**Source records**.

BEGIN

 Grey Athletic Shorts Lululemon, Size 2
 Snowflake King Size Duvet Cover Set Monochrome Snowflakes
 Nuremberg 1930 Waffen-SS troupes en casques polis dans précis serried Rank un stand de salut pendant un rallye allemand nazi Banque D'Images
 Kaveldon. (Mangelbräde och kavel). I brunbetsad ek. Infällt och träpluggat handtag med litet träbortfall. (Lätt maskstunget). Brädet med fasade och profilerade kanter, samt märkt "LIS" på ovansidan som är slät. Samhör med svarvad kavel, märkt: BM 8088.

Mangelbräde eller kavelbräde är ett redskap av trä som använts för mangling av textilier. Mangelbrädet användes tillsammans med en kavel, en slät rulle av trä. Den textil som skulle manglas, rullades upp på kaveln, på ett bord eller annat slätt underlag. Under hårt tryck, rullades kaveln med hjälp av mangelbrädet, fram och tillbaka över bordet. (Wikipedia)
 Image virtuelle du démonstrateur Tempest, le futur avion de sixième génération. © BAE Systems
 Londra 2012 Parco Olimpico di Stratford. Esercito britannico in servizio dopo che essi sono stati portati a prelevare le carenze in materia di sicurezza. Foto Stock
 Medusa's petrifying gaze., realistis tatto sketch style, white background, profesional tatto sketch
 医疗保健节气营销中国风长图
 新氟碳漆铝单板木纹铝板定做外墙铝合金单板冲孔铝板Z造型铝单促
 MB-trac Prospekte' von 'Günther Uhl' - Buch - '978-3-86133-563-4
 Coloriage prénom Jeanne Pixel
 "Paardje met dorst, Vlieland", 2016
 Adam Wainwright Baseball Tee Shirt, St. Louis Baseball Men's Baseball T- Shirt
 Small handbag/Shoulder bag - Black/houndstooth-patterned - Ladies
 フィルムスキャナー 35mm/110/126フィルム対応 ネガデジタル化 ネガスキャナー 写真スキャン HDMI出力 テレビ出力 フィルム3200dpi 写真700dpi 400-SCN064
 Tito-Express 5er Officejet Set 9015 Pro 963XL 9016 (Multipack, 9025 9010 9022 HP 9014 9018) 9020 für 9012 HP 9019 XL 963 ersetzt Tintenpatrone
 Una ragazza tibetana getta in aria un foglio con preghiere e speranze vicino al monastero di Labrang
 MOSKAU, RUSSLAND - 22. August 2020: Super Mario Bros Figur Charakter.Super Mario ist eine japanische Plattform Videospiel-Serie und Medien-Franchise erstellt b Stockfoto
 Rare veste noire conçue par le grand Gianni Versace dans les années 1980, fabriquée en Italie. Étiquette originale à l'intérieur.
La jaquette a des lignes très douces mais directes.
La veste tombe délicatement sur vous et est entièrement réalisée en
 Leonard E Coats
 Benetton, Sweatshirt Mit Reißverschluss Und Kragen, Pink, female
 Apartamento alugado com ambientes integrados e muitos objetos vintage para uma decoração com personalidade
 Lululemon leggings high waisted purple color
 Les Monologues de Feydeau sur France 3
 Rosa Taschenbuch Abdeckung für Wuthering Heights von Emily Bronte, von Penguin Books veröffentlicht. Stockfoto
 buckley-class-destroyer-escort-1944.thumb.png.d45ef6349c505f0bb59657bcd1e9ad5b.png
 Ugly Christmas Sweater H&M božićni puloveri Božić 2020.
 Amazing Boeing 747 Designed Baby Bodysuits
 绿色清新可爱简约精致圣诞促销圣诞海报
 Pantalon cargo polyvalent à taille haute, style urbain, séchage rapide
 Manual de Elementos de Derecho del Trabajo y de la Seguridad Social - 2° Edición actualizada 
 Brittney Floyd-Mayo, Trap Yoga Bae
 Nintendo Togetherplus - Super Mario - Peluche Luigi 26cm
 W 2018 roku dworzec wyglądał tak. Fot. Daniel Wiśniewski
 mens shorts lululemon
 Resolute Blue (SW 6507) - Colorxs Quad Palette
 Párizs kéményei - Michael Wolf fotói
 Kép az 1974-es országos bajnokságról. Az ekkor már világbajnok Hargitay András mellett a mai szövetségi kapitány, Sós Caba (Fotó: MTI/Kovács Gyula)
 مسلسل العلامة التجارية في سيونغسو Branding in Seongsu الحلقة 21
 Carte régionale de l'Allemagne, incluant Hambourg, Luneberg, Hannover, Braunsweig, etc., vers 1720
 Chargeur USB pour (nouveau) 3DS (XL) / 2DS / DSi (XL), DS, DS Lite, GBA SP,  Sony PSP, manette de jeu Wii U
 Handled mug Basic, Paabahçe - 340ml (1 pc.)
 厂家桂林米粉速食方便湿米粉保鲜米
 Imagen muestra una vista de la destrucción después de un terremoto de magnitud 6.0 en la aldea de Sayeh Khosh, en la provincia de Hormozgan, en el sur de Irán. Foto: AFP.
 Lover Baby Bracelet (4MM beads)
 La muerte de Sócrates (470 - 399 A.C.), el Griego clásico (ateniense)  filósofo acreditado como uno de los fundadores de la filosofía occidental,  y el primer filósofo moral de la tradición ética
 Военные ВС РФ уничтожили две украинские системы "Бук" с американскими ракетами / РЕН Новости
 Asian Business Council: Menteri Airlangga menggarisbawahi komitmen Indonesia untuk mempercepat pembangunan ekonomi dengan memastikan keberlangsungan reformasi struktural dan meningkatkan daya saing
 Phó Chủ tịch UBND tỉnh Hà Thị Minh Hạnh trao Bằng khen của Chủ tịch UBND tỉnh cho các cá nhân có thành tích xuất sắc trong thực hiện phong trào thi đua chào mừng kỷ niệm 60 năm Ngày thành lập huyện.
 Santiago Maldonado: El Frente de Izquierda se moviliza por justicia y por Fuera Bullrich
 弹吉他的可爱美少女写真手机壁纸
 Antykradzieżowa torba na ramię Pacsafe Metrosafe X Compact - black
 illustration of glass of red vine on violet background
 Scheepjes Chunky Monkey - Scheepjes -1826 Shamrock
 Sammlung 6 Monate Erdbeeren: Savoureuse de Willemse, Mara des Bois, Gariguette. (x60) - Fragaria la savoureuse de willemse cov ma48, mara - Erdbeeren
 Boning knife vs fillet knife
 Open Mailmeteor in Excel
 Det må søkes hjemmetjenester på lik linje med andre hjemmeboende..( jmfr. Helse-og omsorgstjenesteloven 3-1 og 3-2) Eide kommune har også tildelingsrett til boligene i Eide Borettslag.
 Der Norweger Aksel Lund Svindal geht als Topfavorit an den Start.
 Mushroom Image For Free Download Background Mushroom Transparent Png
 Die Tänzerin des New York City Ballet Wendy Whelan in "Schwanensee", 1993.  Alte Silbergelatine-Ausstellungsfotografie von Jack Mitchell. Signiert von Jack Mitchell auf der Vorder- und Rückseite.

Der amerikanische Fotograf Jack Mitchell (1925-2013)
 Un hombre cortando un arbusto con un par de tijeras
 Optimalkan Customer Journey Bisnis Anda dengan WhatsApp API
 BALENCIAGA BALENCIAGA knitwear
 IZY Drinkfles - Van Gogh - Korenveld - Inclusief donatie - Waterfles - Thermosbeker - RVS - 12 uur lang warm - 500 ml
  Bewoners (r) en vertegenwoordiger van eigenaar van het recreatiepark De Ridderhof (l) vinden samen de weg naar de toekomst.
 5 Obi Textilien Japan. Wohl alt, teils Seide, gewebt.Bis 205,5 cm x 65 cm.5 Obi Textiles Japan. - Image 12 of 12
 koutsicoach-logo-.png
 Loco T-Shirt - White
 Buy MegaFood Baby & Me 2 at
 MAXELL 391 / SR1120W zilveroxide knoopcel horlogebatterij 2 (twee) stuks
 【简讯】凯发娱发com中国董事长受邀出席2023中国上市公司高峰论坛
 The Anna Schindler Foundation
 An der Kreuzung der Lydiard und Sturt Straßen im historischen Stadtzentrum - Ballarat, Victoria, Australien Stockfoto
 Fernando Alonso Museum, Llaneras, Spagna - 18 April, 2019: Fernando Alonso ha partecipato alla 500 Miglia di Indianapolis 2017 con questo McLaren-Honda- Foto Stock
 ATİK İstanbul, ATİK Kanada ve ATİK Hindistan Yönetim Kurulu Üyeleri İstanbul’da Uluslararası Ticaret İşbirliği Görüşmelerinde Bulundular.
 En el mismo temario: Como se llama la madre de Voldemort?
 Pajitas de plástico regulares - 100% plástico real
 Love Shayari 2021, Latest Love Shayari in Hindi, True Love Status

END

**Problem to work on**. Lines holding the word "Size" are the answer; copy every one from the records above.

**Answer area**.
 Grey Athletic Shorts Lululemon, Size 2
 Snowflake King Size Duvet Cover Set Monochrome Snowflakes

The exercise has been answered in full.